Friday, November 4, 2011

Are You SURE You Want a Monday?

(Note...this was written several weeks ago for Motherhood Uncovered. It will be published there later this month. We have been to the doctor and they have referred us to a dermatologist. Also on a Monday, but they got it that I needed a Monday. Go figure.)


I recently needed to make Ben a doctor's appointment for what appears to be a growing wart on his elbow. It's been there for a long time, probably years, and I never really thought anything about it other than it was probably a wart on his elbow. I figured if it was bothering him, he would tell me and we could do something about it.

I can't remember when the wart showed up. It might have been sometime in high school. He graduated in 2010, so it's been there awhile. But it seems like maybe it might be getting bigger. Or flatter. Or something.

The other night, he came downstairs with his car keys in hand, and said, "I'm going to the store to get something for this thing on my elbow." I said okay, gave him the bonus card and some cash (because I'm still his mother and if he needs a wart removed from his elbow, I'm all there with the cash).

He came back shortly thereafter, with said bonus card and cash, and said, "I couldn't find anything." I said, "Well, maybe they have some Compound W at CVS. I could go for you tomorrow if you'd like." And didn't think much more about it. Until Justin said, "You know, we really should have a doctor take a look at that and take care of it."

Now, of course, we are 99.9% sure this is just a wart. I had warts (one of my dirty little secrets) all over my hands when I was about 6 or 7 and I can remember my mom taking me to the doctor, something about liquid nitrogen, and my screaming uncontrollably when they touched it to each and every wart. Say what you will about doctors who are sadists to 6 year old little girls. Those warts fell off a week or so later and I've never had another one.

I had meant to make an appointment on Monday, but didn't. When Monday ended up be one of the suckiest days of my life, Ben's wart just wasn't on the top of my to do list.

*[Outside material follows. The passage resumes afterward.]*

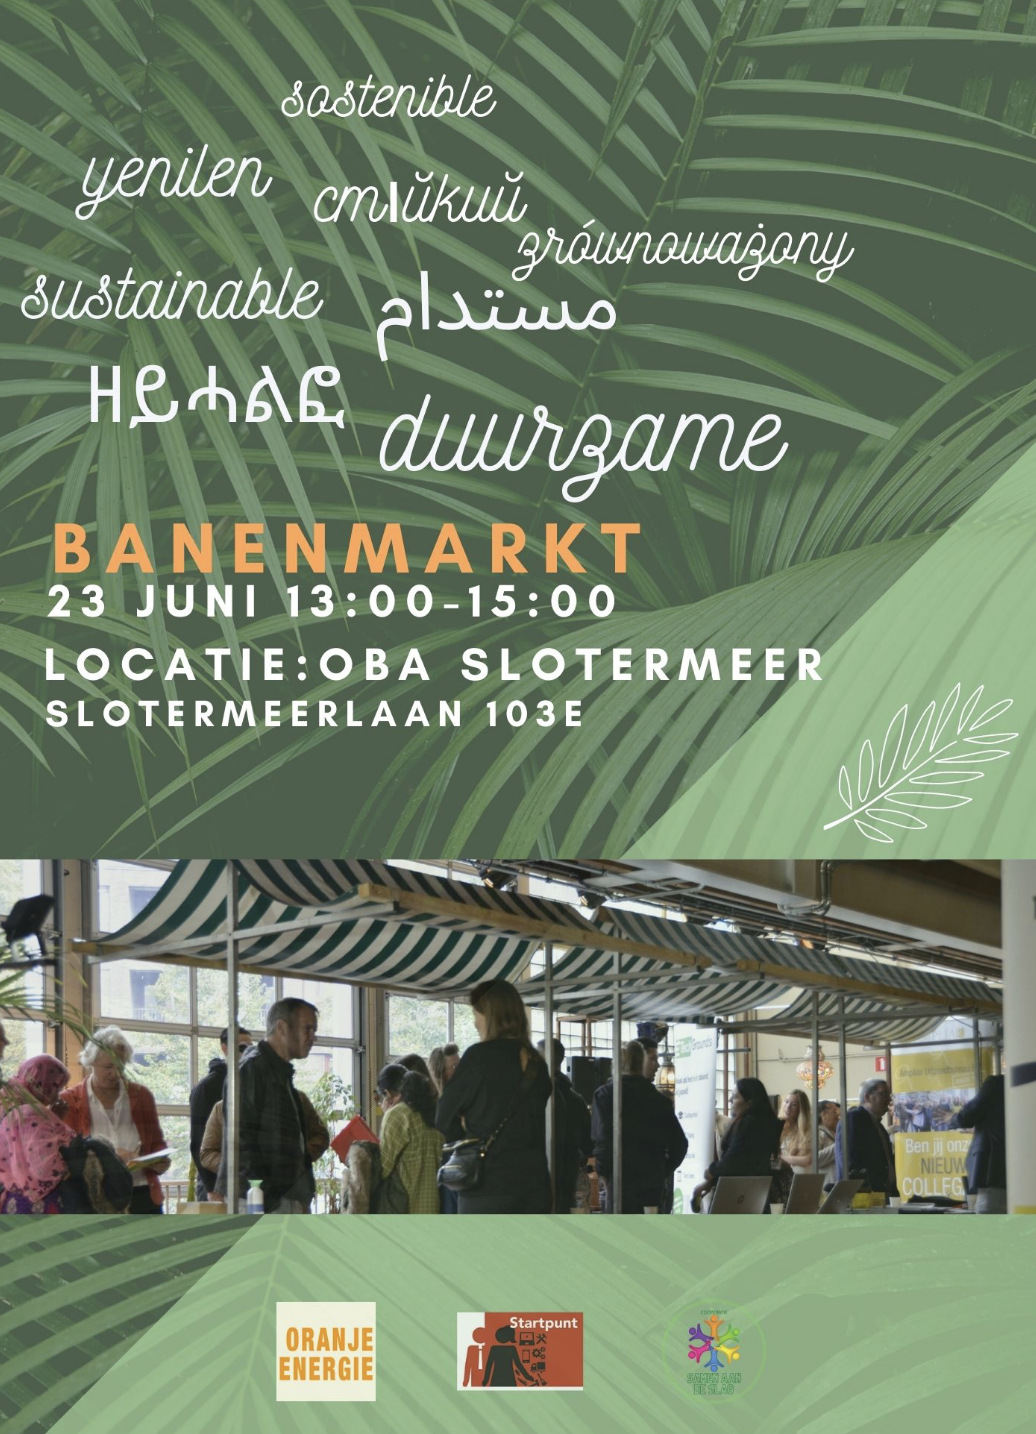 Duurzame banenmarkt OBA Slotermeer 23 juni 13.00-15.00 uur
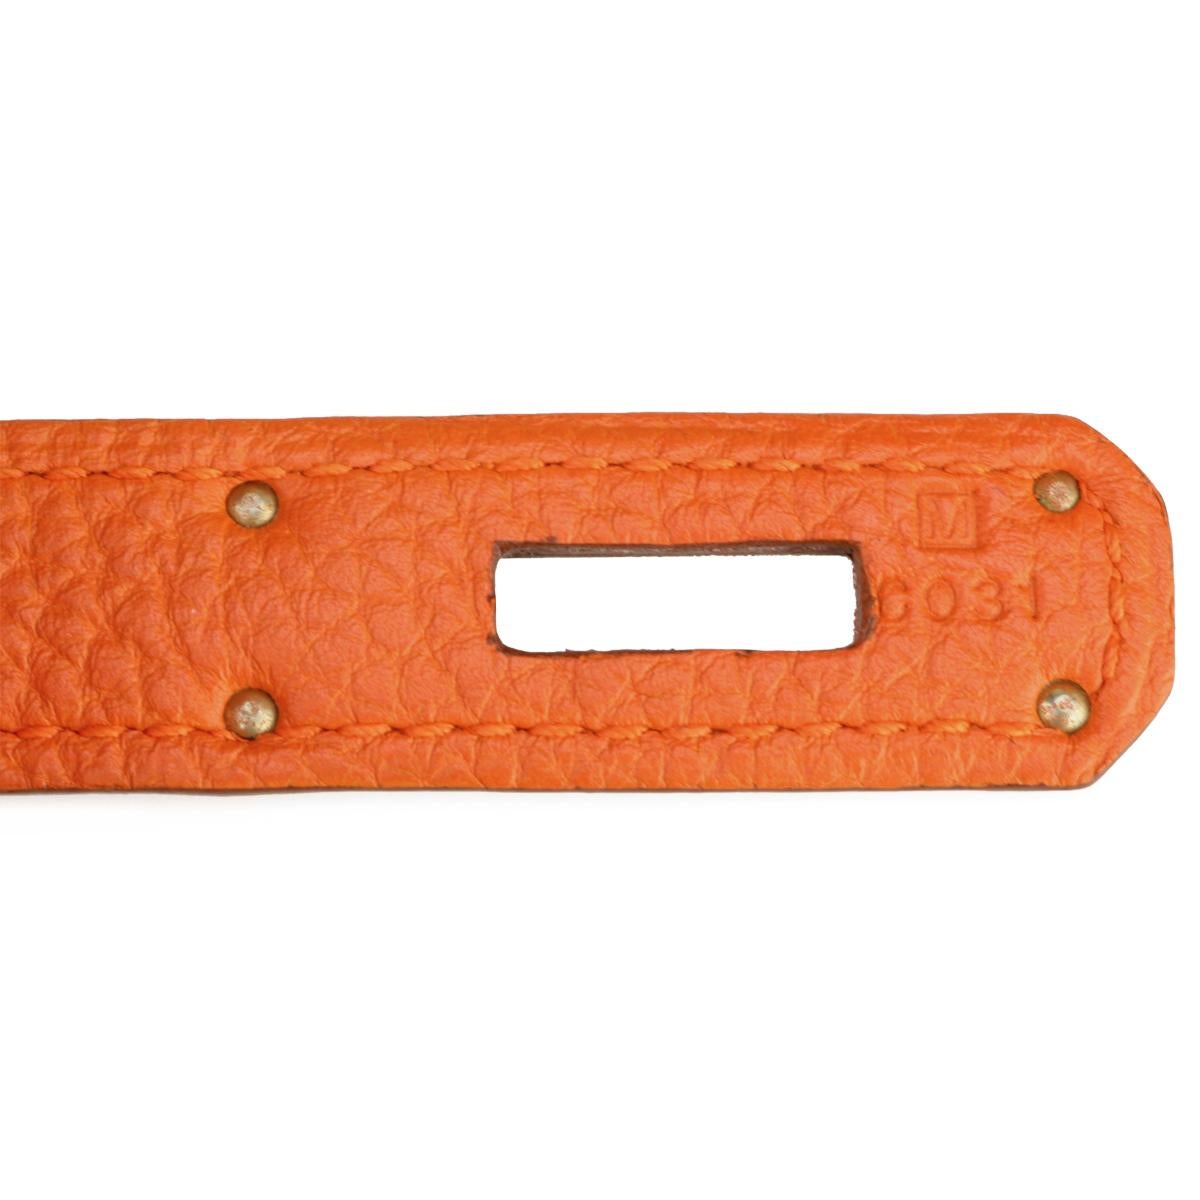 Hermès Birkin Bag 35cm Orange Togo Leather with Palladium Hardware Stamp M 2009 12

Last night, I wrote myself a sticky note to make the appointment and tried to think of where I could put it where I would see it. I ended up putting it on the kitchen island where we set all things medical that need to be done (as in prescriptions to be refilled, etc.) and went up to bed.

This morning, I got up, took a shower, checked Facebook (priorities, people, priorities) and headed out to see my mother for a few hours. When I got home, I noticed the blue sticky on the island and said "Oh, I need to make Ben an appointment." So I picked up the phone and called the doctor's office.

After what seemed like three hours on hold (ten minutes - tops), a voice came on asking how she could help me. I explained what I needed and that I needed a Monday appointment because that was my son's only day off from school and work during the week. She looked through her calendar on the computer, muttered to herself that oh, this day is full, and oh that day is full. And then she said (wait for it)...

Receptionist: Are you sure it has to be a Monday?


Um, no. I was testing you. I really wanted a Tuesday, but I was trying to see if my Vulcan mind-meld was working.

Did I say any of this? No. I politely answered that yes, I was sure it had to be a Monday, explained why it had to be a Monday (again), and waited until she found a Monday appointment. I wasn't picky. It could be any Monday in the near future, but yes, it had to be a Monday.

After I hung up, I told Justin about what she had said and he started laughing at the stupidity of the question.

I'd like to think she just didn't hear me the first time around. But since she was looking at Mondays to begin with, I have to believe that she heard me and processed that I wanted a Monday appointment. And that she heard the reason. That reason wasn't going to change just because her calendar wasn't cooperating.

So we have an appointment on a Monday. Now I have to make sure that Ben is aware of the appointment and remind him 30 gazillion times in the days leading up to the appointment not to forget the appointment. Since he was the one wanting to get rid of whatever this protruberance is on his elbow.

Sometimes being a Mom leads you to meet some smart, interesting people. And then sometimes, it really doesn't.